Work order –
A faithful copy of the listing below is needed, one that contains no pictures.

Data segment –

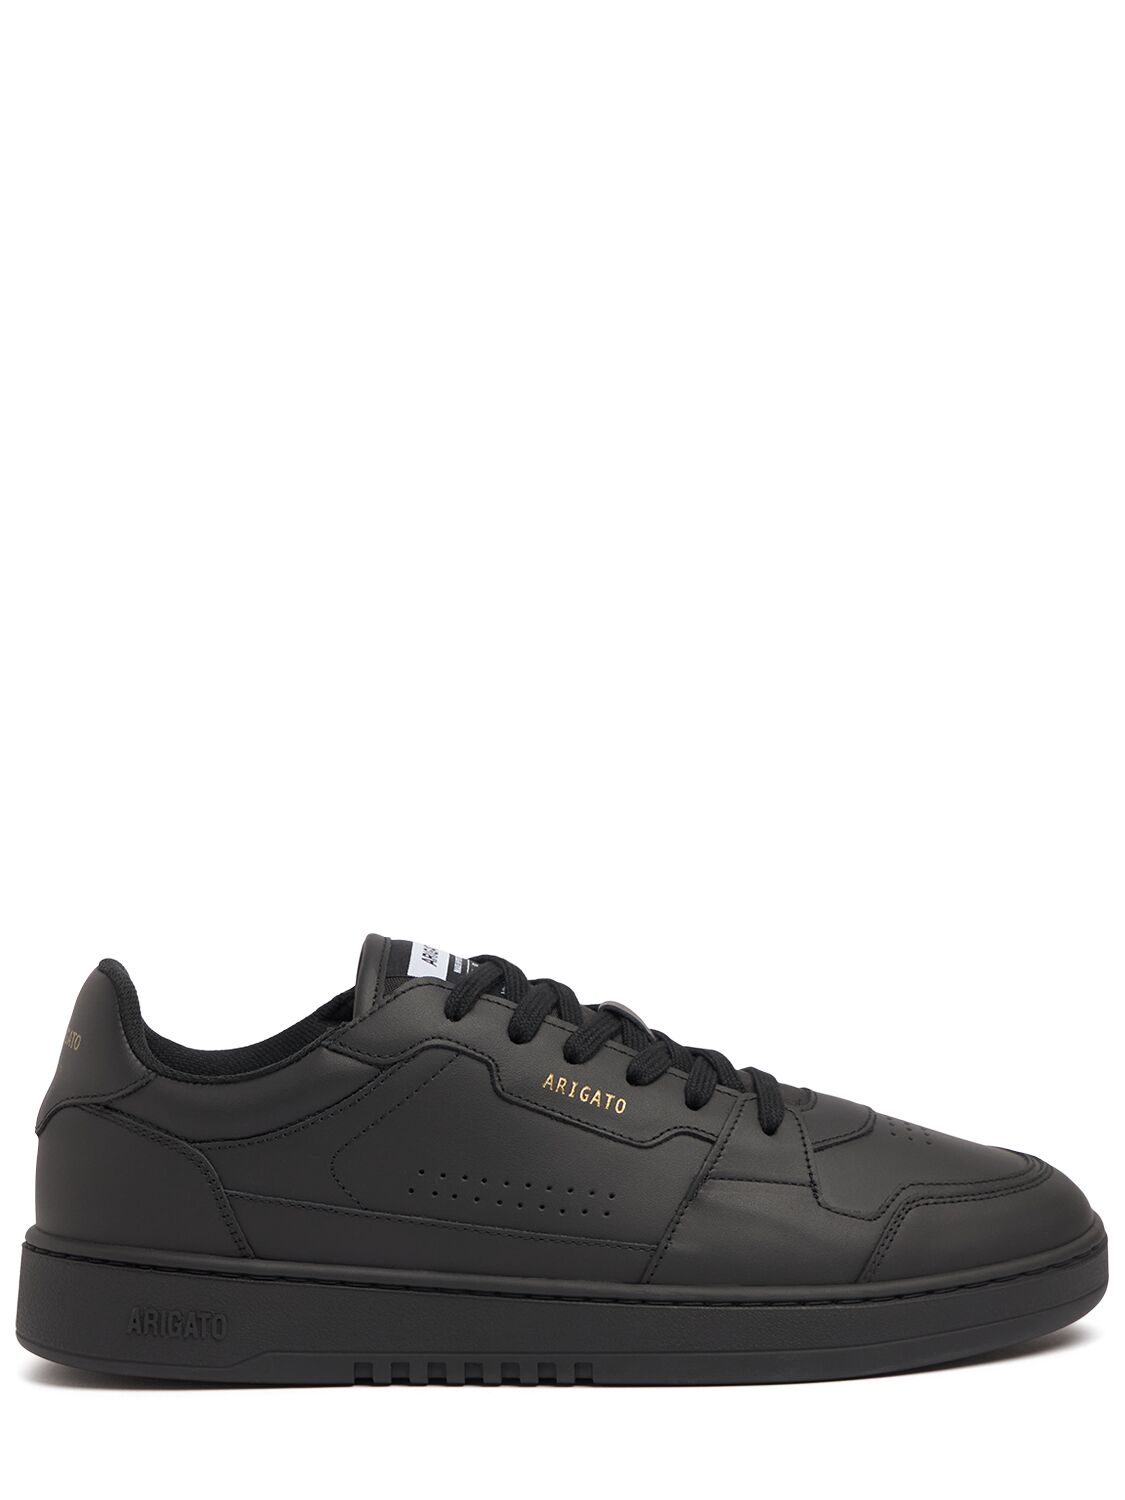 Axel Arigato Dice Low Leather Sneakers In Black
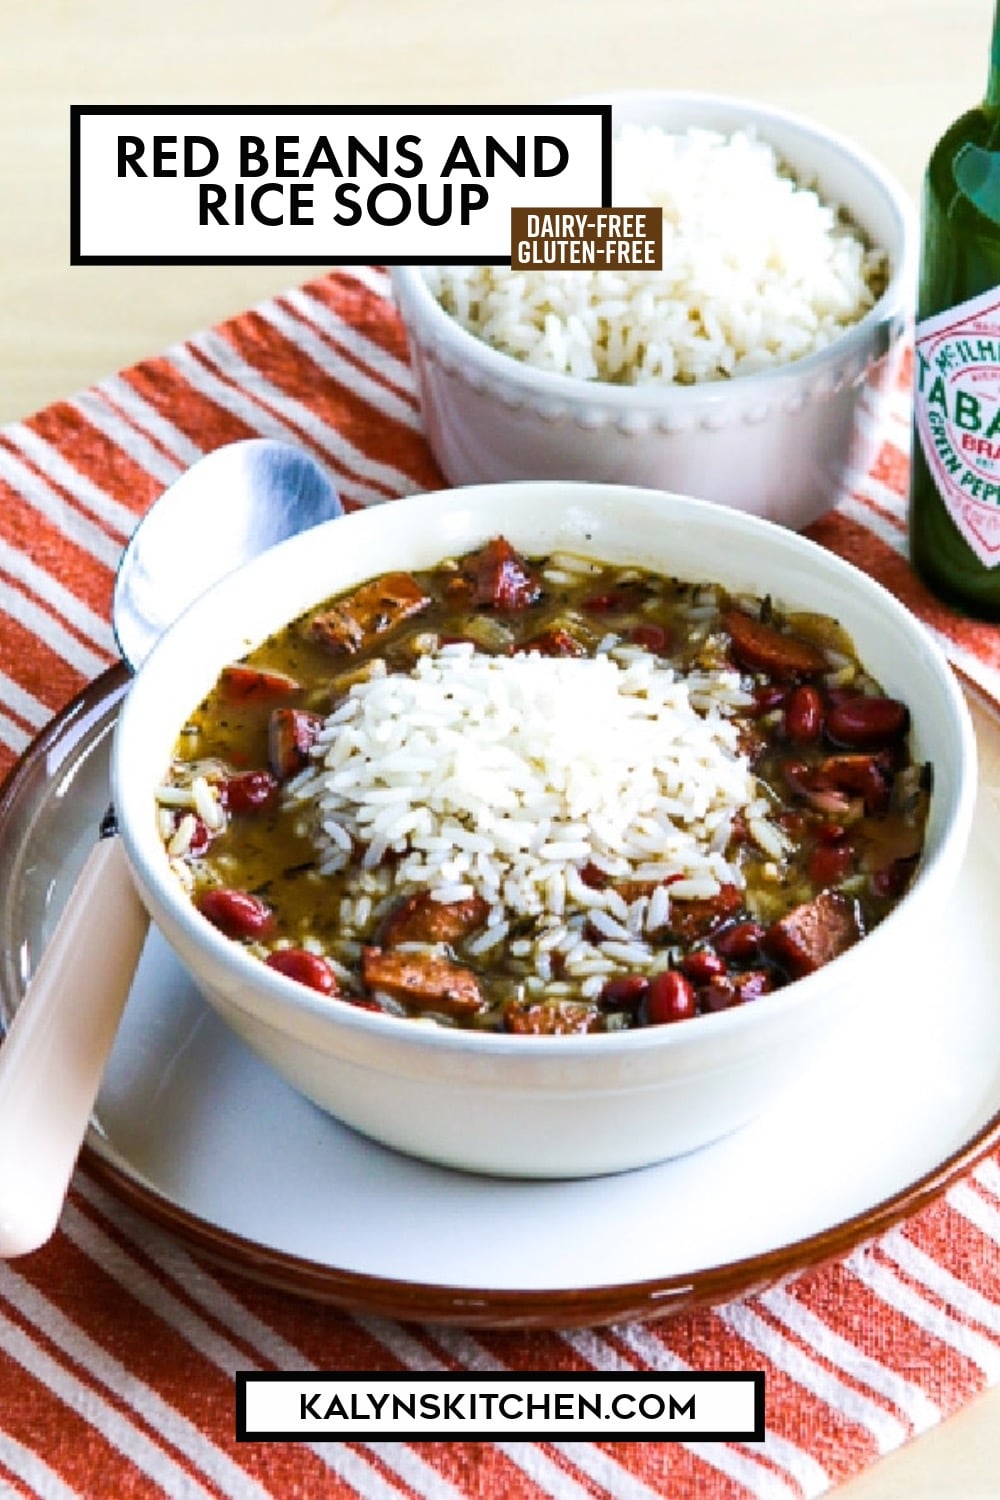 Pinterest image of Red Beans and Rice Soup
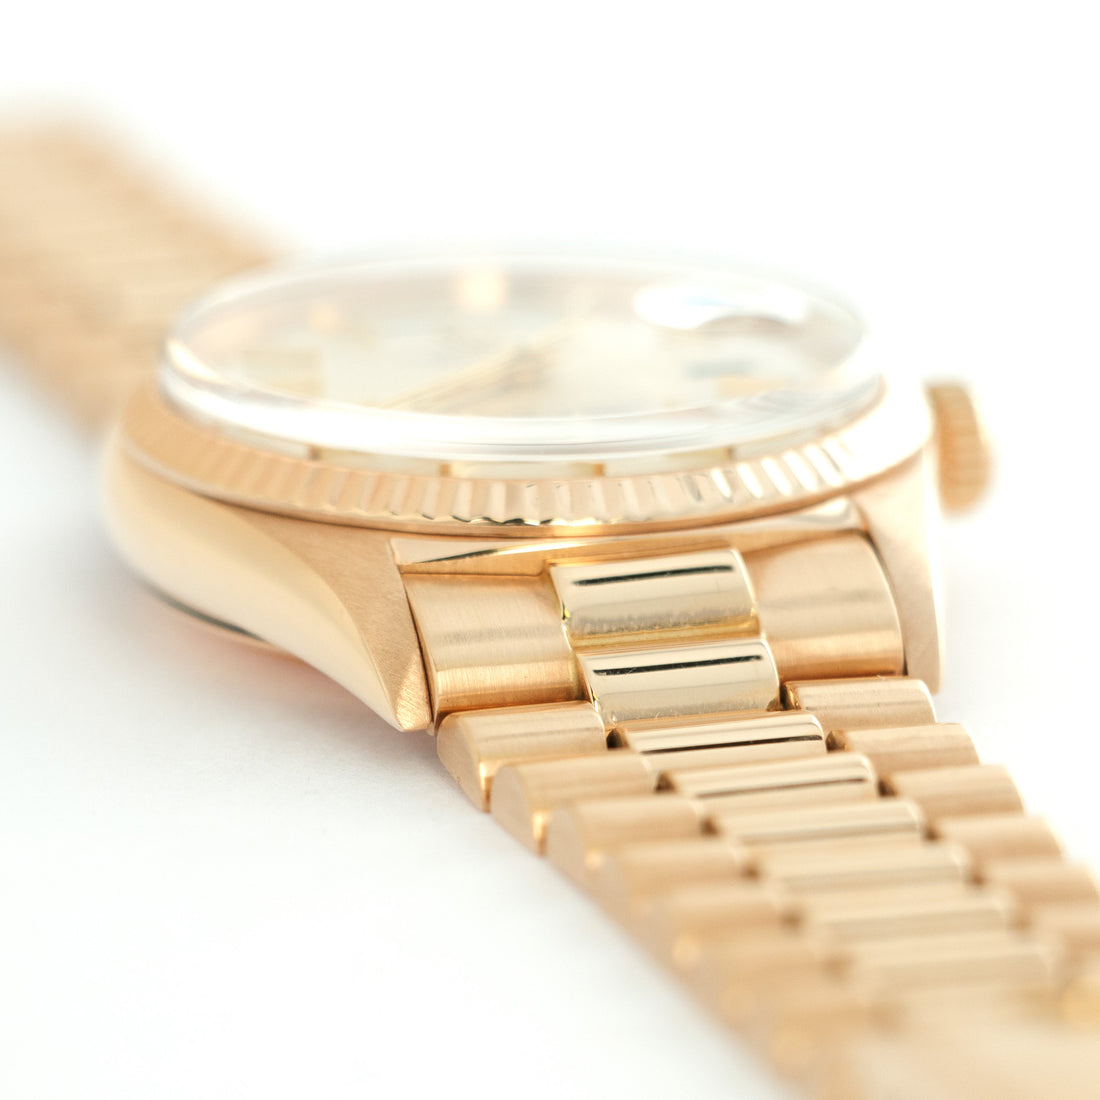 Rolex Rose Gold Day-Date Watch Ref. 1803, from 1969

Reply –
 Axel Arigato Dice Low Leather Sneakers In Black
 Pinterest image of Red Beans and Rice Soup
 Rolex Rose Gold Day-Date Watch Ref. 1803, from 1969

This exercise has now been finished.